Deficiencies of blood, According to doctors at Harvard Medical School,
“Anemia is not a specific disease; it describes a state of affairs.” That is, anemia – a deficiency in the amount of hemoglobin they contain – is simply a sign of one of several underlying problems. Some of these are common and easily treated; others are rare and sometimes fatal.
Whatever its cause, anemia may make the body function poorly because it does not get enough oxygen from the blood. People who are anemic often feel weak, tired, run down, breathless, and sometimes faint after exercise, or in severe cases, at rest.
Anemia can take a variety of forms. Iron-deficiency anemia, in which the body cannot manufacture enough of the oxygen-bearing, iron-containing blood protein, hemoglobin, is the commonest kind of anemia; treatment includes iron supplements. Folic-acid deficiency, usually the result of inadequacies of diet or the body’s inability to absorb folic acid, can also cause anemia; it is readily treated with folic-acid supplements.
Pernicious anemia, caused by a lack of vitamin B12 in the diet, or by the inability of the intestine to absorb the vitamin because of the absence of a special protein called intrinsic factor, is more serious; treatment for this condition involves the periodic injection of vitamin B12.

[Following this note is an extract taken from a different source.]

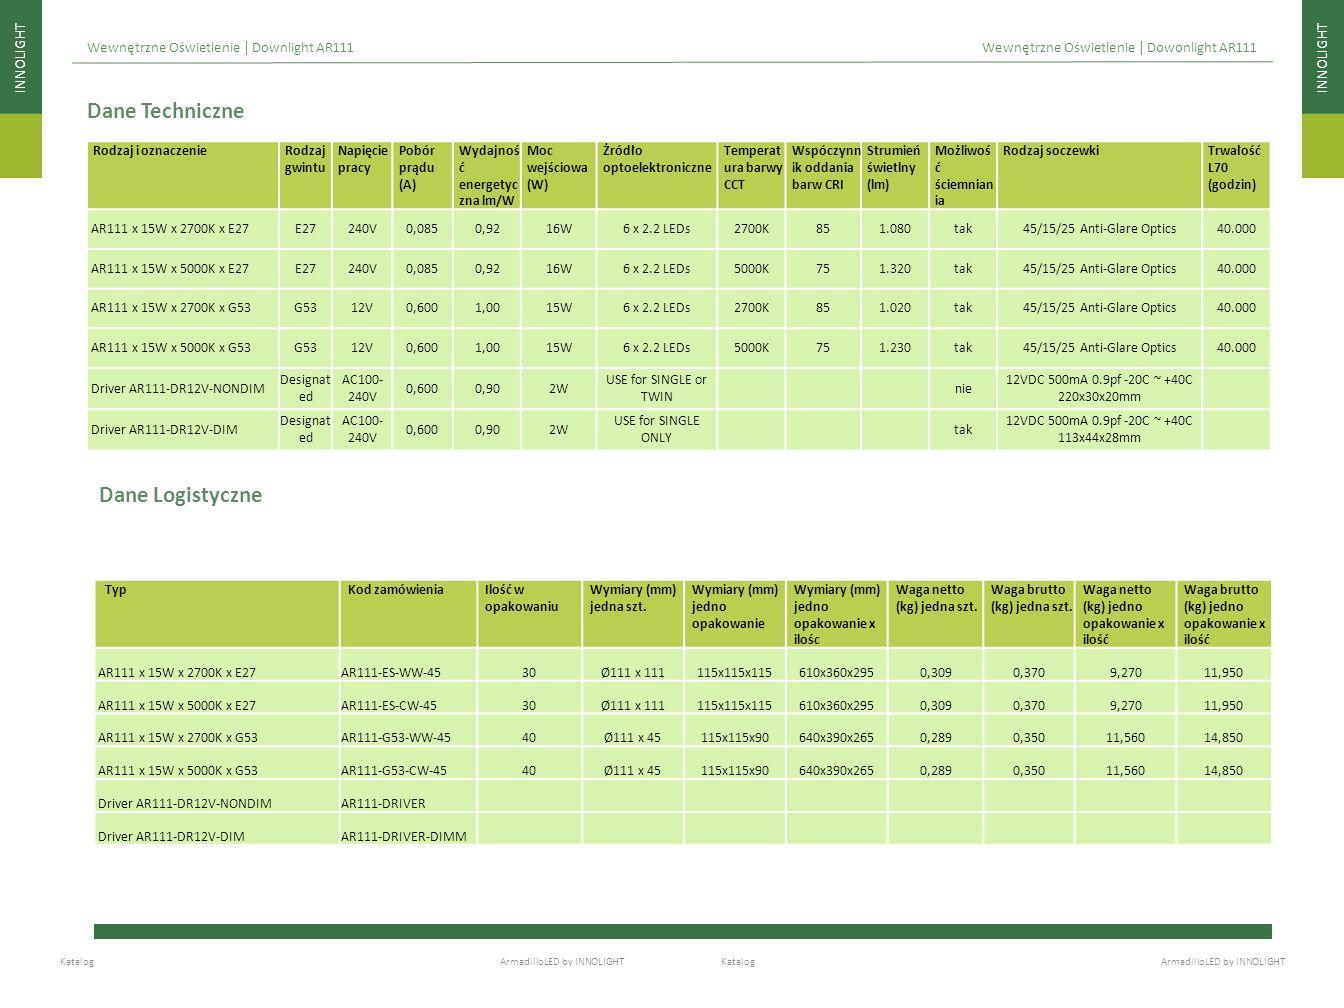 Dane Techniczne Dane Logistyczne INNOLIGHT INNOLIGHT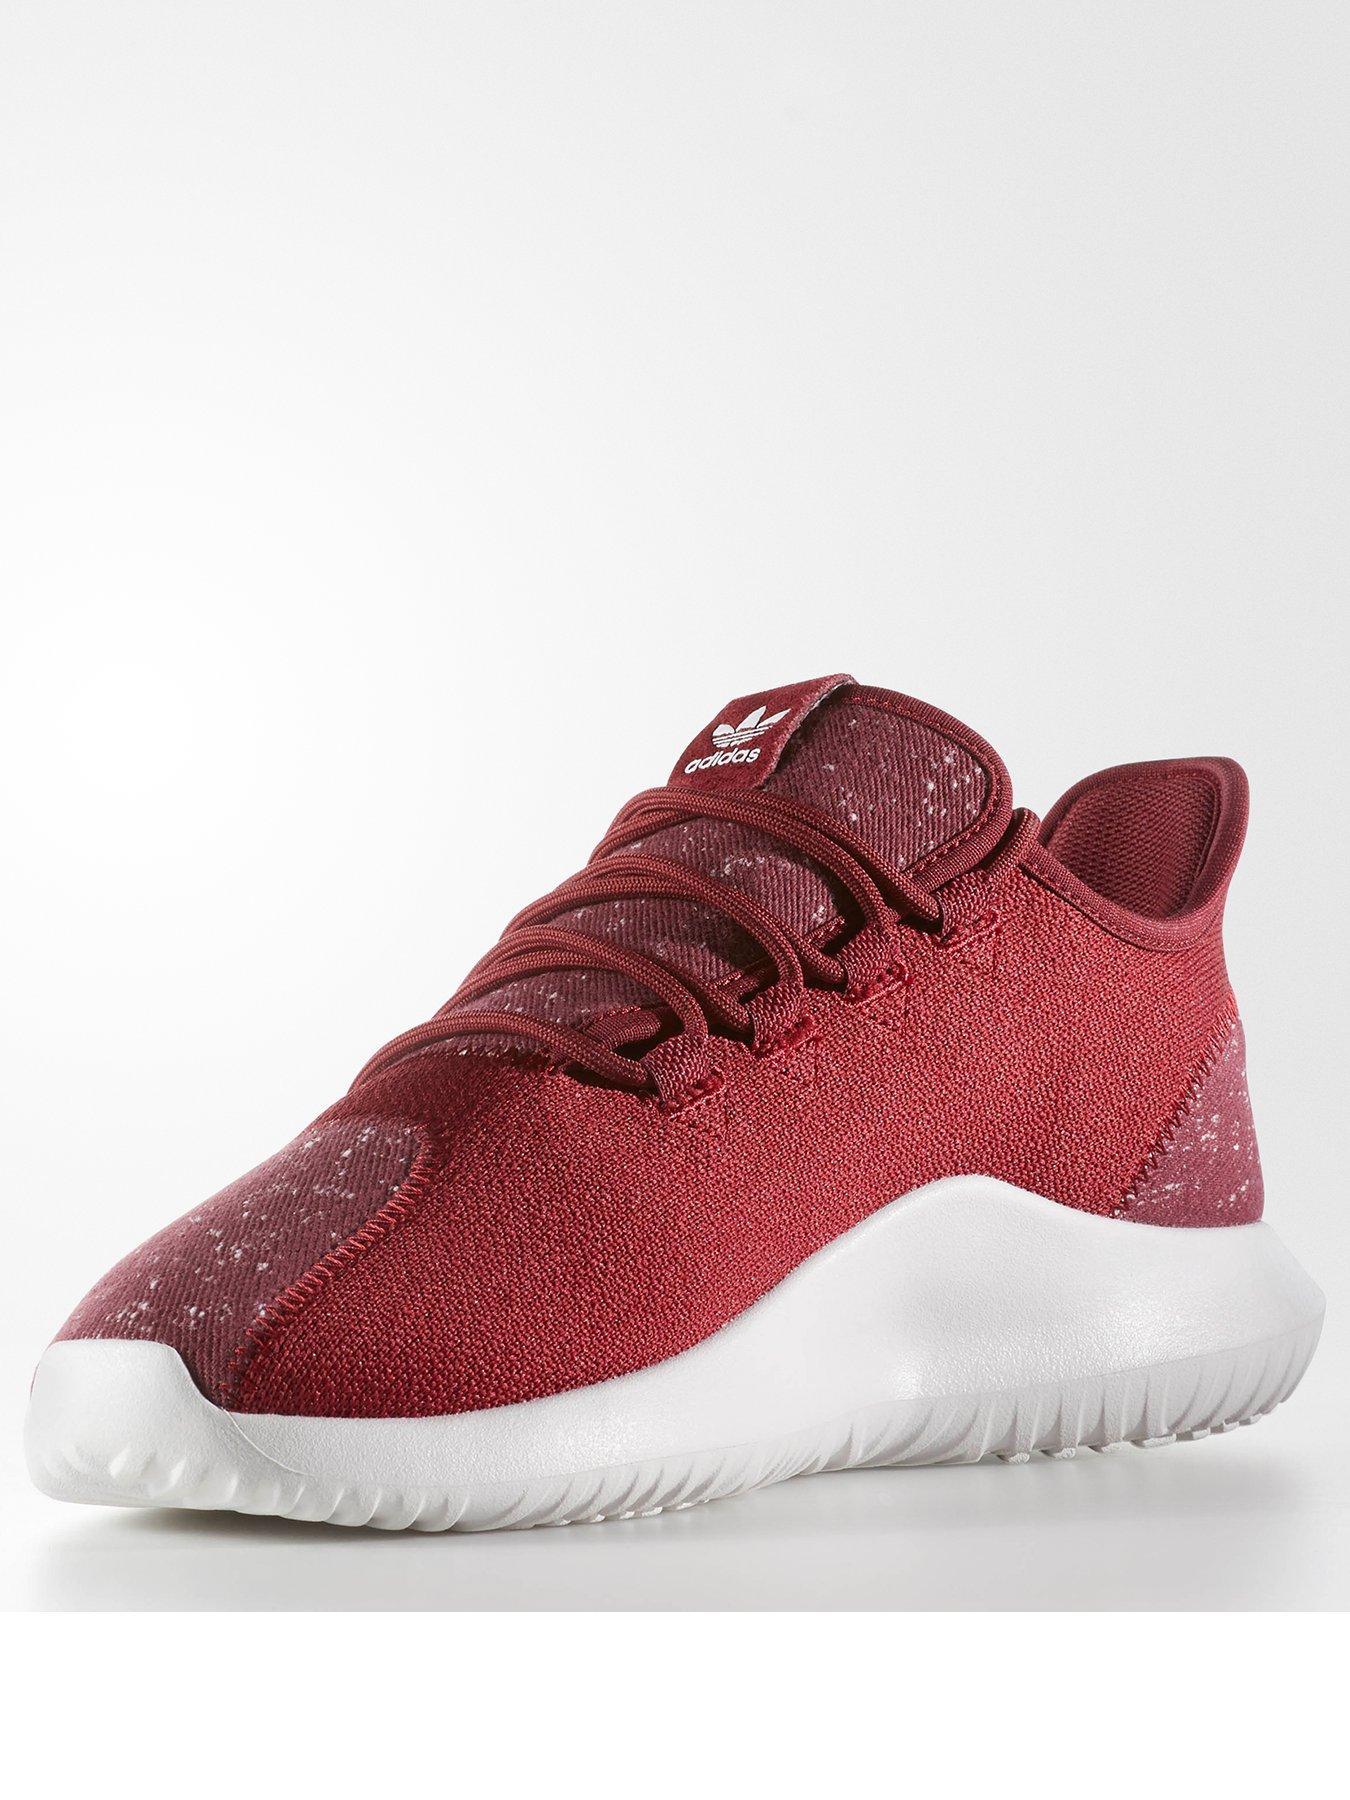 vente d'automne 2016 meilleur populaire adidas originaux nmd r1 formateurs

Can X Rays Produce Anemia?
Heavy or repeated exposure to X rays, radioactive substances, microwaves, and other high-energy emissions can produce a condition known as aplastic anemia. After such exposure, the bone marrow may produce fewer red and white blood cells. The deficiency of red cells causes the classic symptoms of anemia, while the reduced number of white cells increases the risk of infection.
Aplastic anemia may also develop from other causes such as exposure to benzene, arsenic, gold compounds, and other toxic chemicals. In some cases, drugs taken for other disorders lead to aplastic anemia, and your doctor may try to reduce the dosage or substitute another drug.
Are Some People More Vulnerable to Anemia Than Others?
Sickle-cell anemia occurs most frequently in people of African descent, while Cooley’s anemia is almost entirely confined to those of Mediterranean descent. Both types of anemia are caused by a genetic mutation that produces no symptoms unless a person has inherited the mutant gene from both parents. At present, there is treatment but no cure for sickle-cell anemia. The only means of prevention is genetic counseling.
Victims of Cooley’s anemia not only produce abnormally small quantities of hemoglobin, but their red cells are uncommonly thin and fragile. The prognosis for children born with the disorder is poor, although periodic blood transfusions can prolong life.
Can Anyone Get Hemophilia?
Most people need not worry about hemophilia. This hereditary disease, whose victims can bleed to death from a seemingly minor injury because their blood does not clot properly, afflicts only 1 male out of 10,000 in the United States. Nearly all those who suffer from it are men because hemophilia is the result of a defective gene attached to the X chromosome, one of two chromosome, and if that one carries a defective clotting gene, they are certain to have hemophilia.
Women, however, have two X chromosomes; a defective clotting gene on one of them is usually counterbalanced by a normal gene on the other. Thus women suffer from hemophilia only if they inherit two defective genes, one from each parent.
Most hemophiliac used to die in infancy. Now, however, they are likely to live to adulthood – and thus to marry and pass on their hemophilia gene. How is this possible? Because scientists can now obtain the purified missing clotting factor from the blood of normal donors and inject it into hemophiliacs.
This development does not mean that victims of the disease can lead normal lives. They may require many injections of clotting factor every year, at a cost of thousands of dollars. They also face special hazards when they need surgery or dental care. And they must restrict their activities sharply to avoid injury.